*** Raw data ***

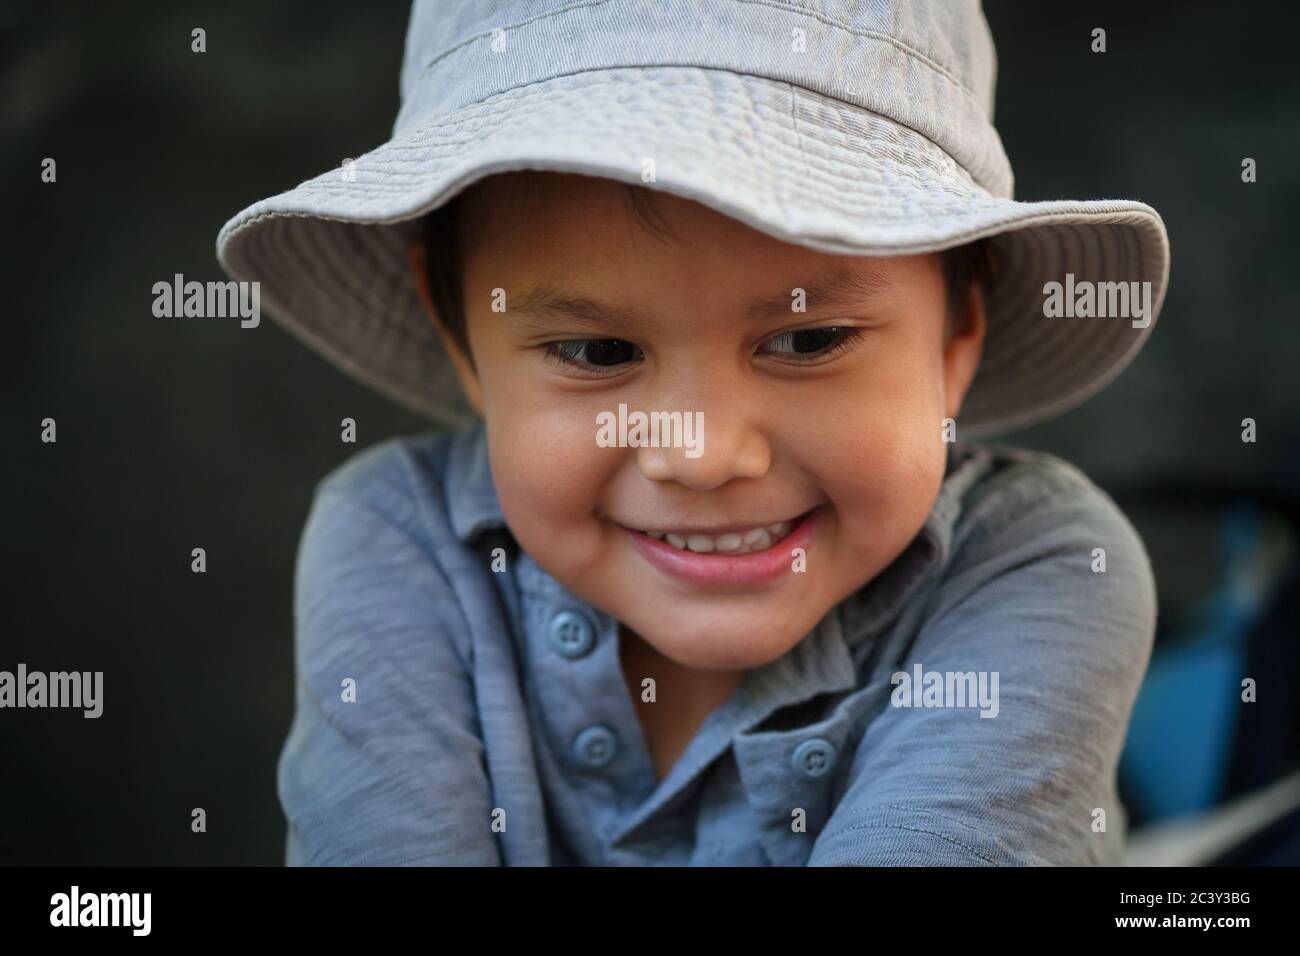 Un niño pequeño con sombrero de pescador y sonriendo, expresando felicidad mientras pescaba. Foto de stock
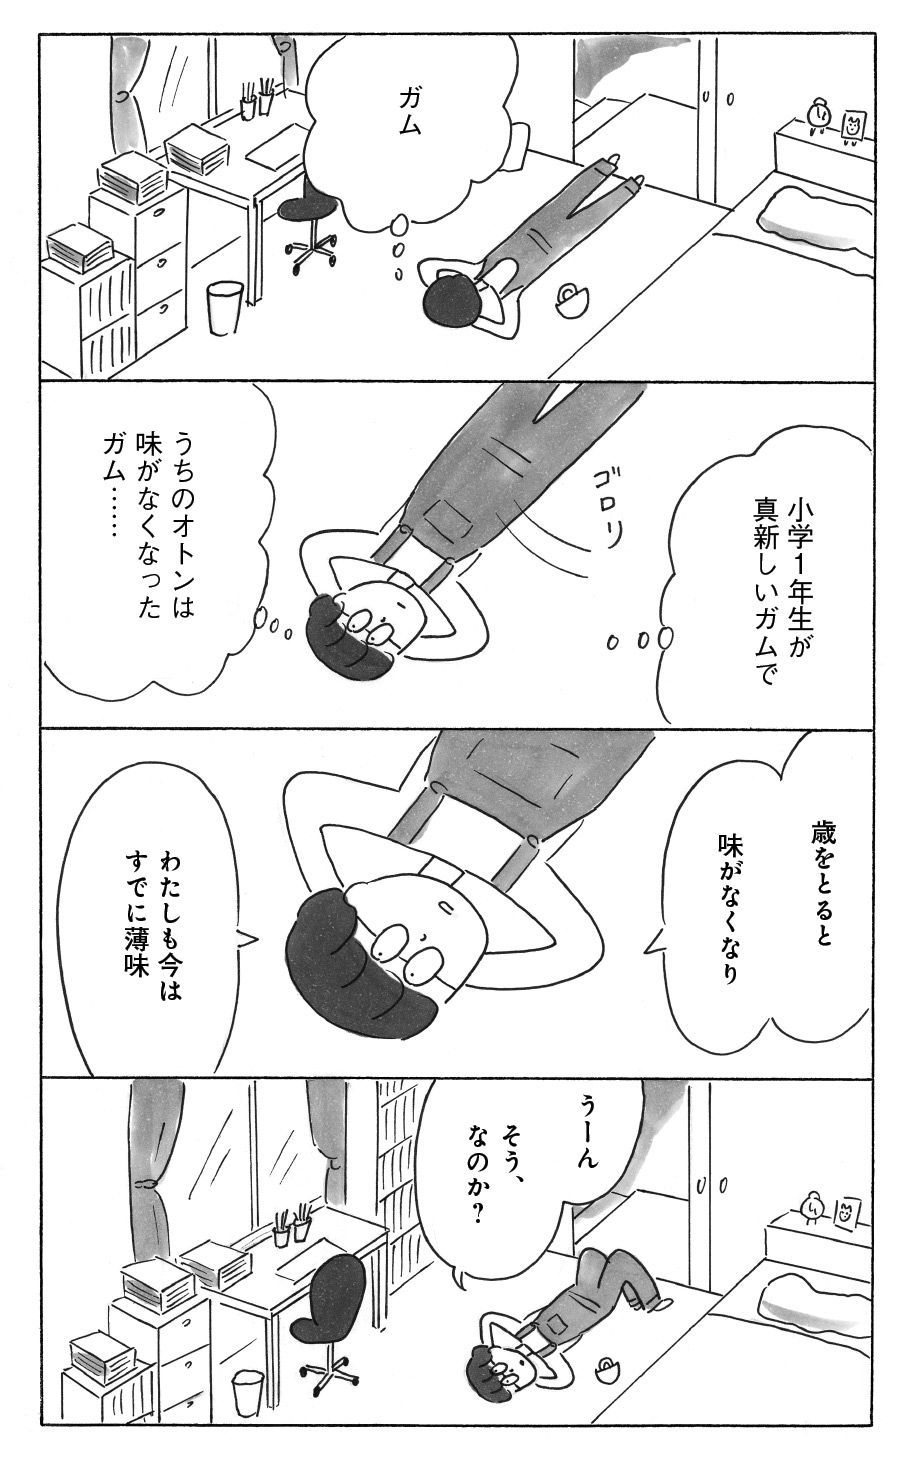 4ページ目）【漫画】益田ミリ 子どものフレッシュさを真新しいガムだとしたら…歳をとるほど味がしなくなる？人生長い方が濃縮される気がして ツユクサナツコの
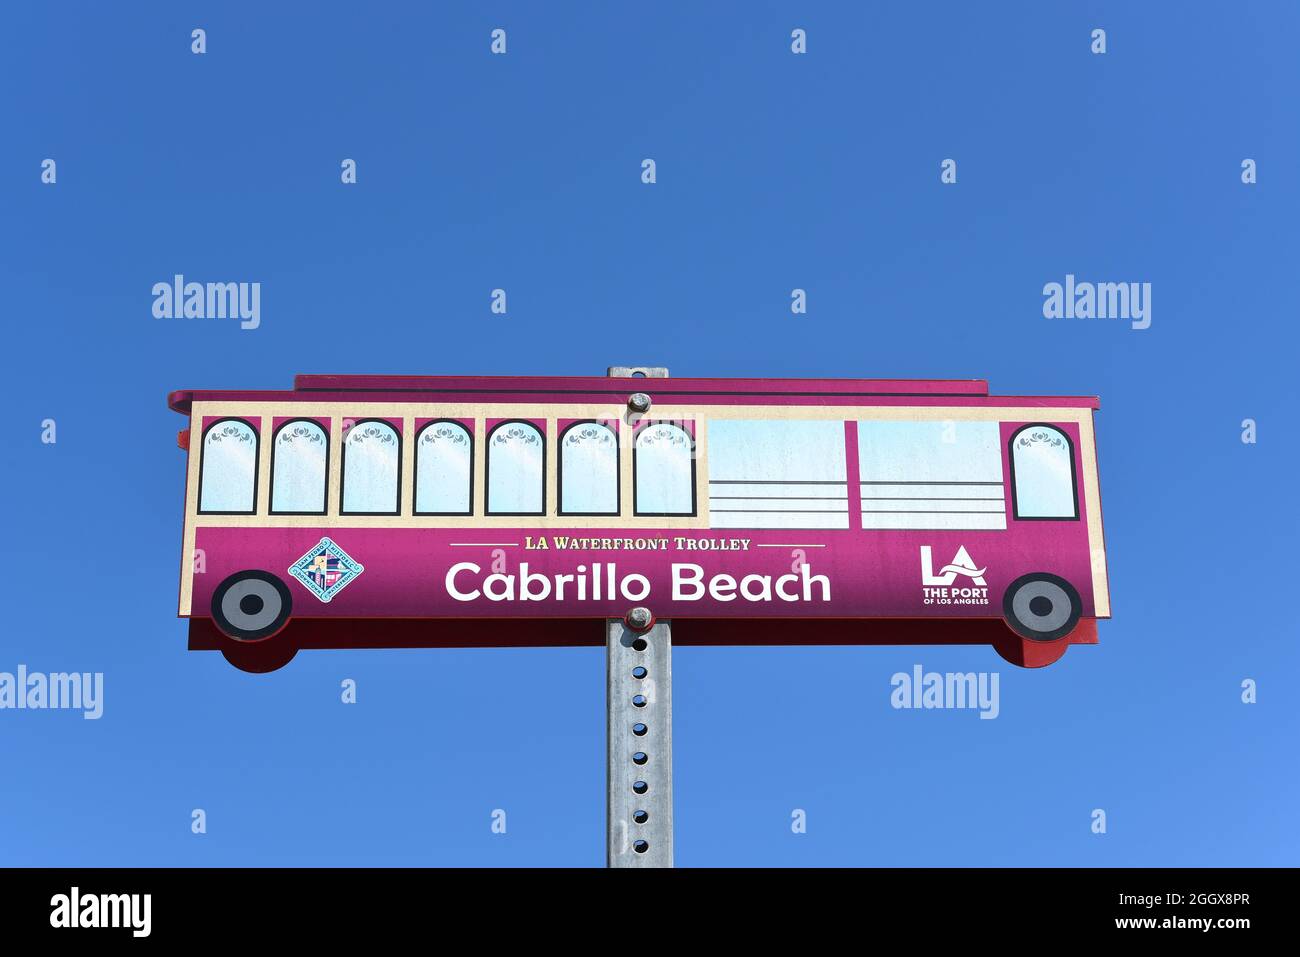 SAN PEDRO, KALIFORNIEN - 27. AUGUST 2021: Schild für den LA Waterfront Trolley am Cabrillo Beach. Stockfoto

***
*** Raw data ***

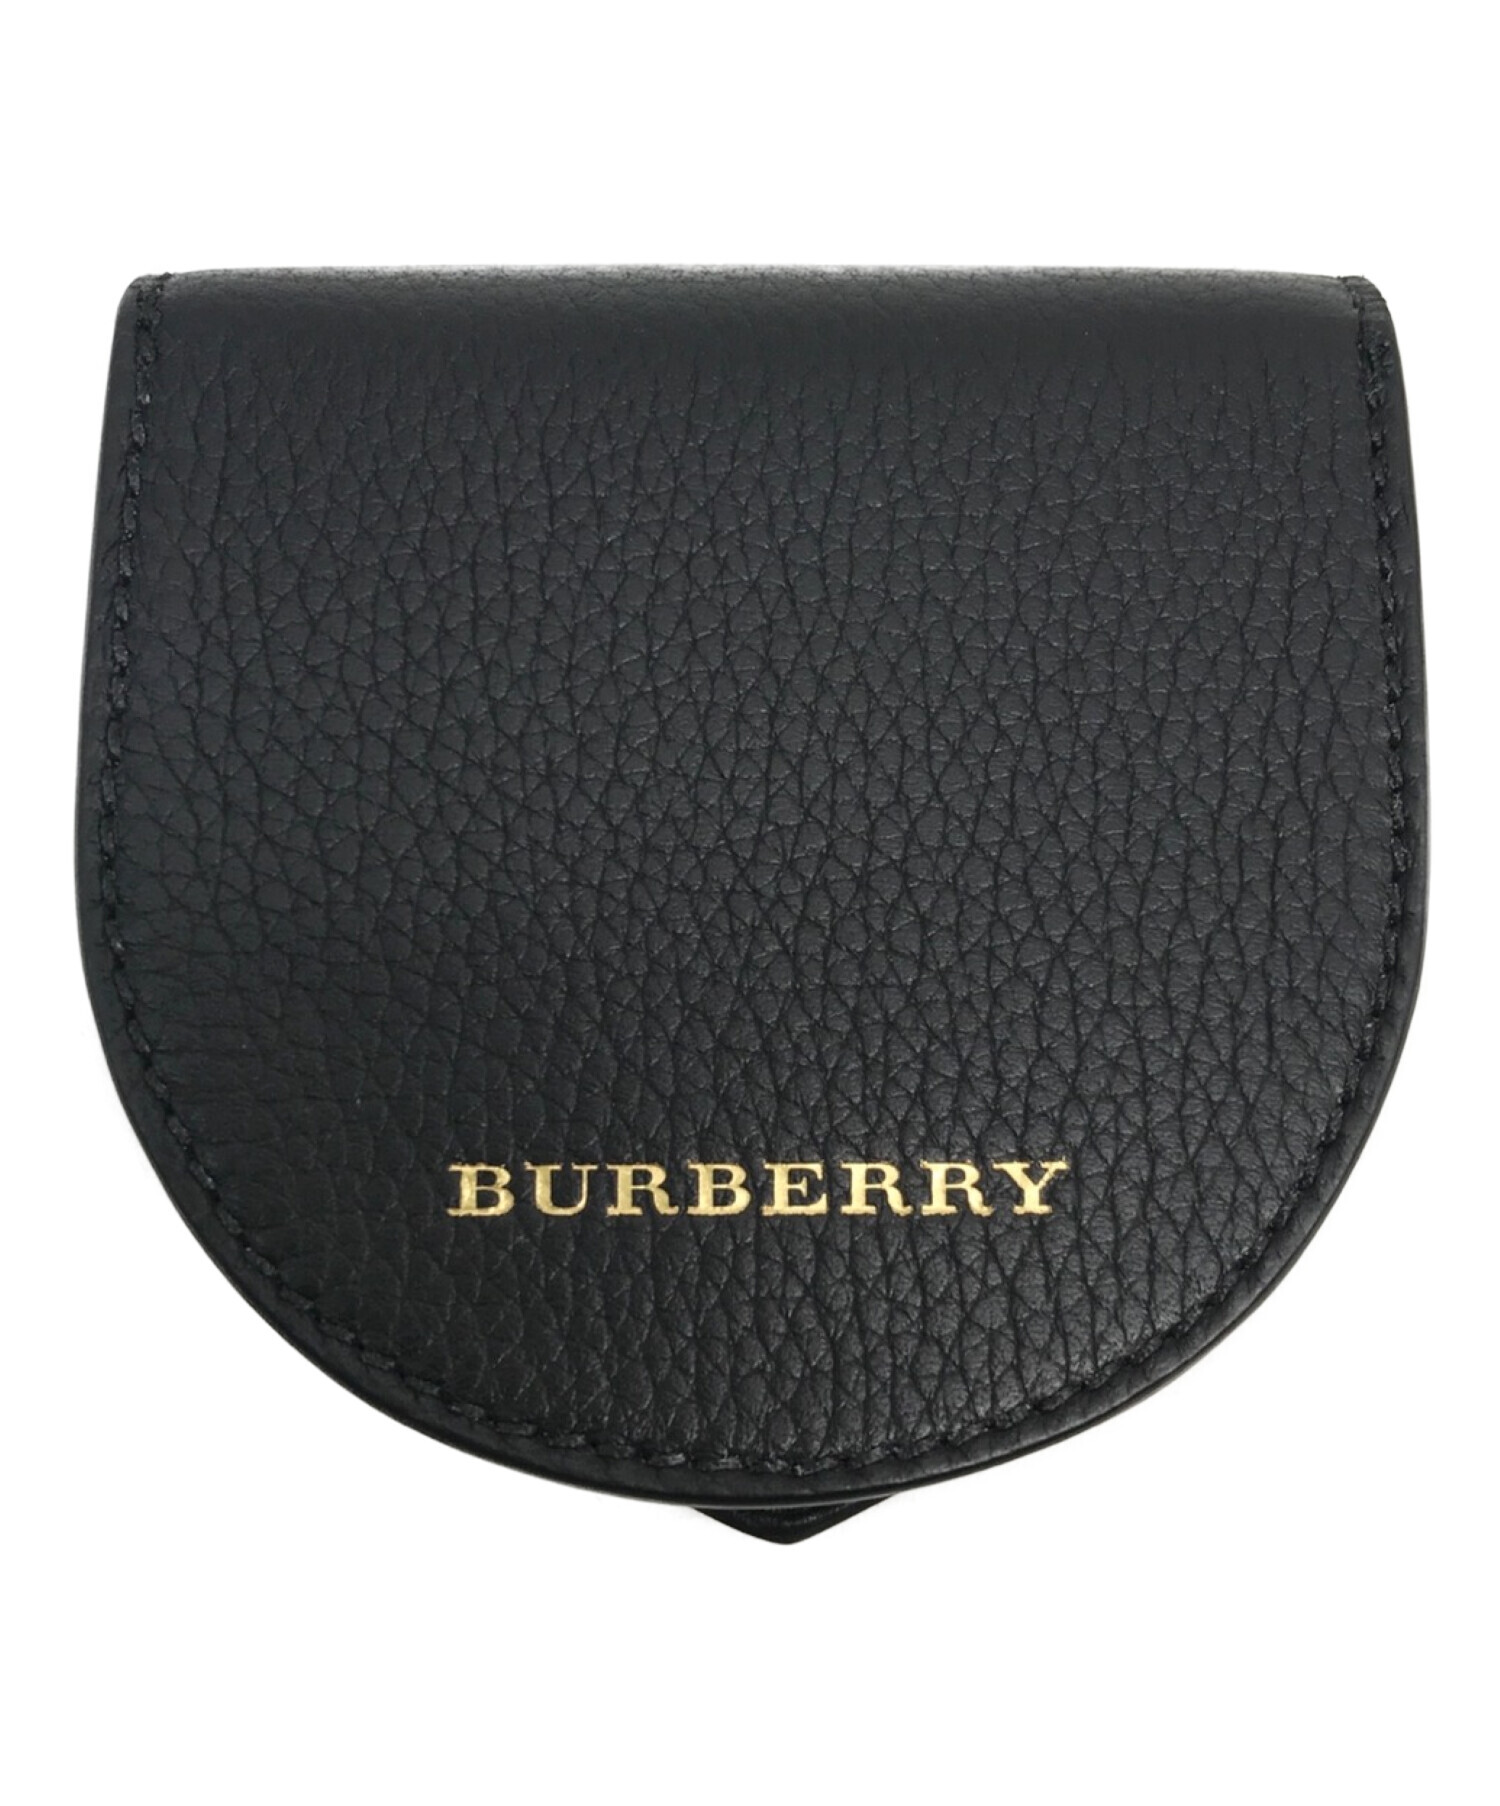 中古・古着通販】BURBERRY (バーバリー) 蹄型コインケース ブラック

***

- Task to complete
Using the records above, return verbatim only the part that opens with the line containing "Un niño pequeño" and closes with the line containing "SAN PEDRO, KALIFORNIEN"; pictures stay out.

- Answer to this problem
 Un niño pequeño con sombrero de pescador y sonriendo, expresando felicidad mientras pescaba. Foto de stock
 4ページ目）【漫画】益田ミリ 子どものフレッシュさを真新しいガムだとしたら…歳をとるほど味がしなくなる？人生長い方が濃縮される気がして ツユクサナツコの
 SAN PEDRO, KALIFORNIEN - 27. AUGUST 2021: Schild für den LA Waterfront Trolley am Cabrillo Beach. Stockfoto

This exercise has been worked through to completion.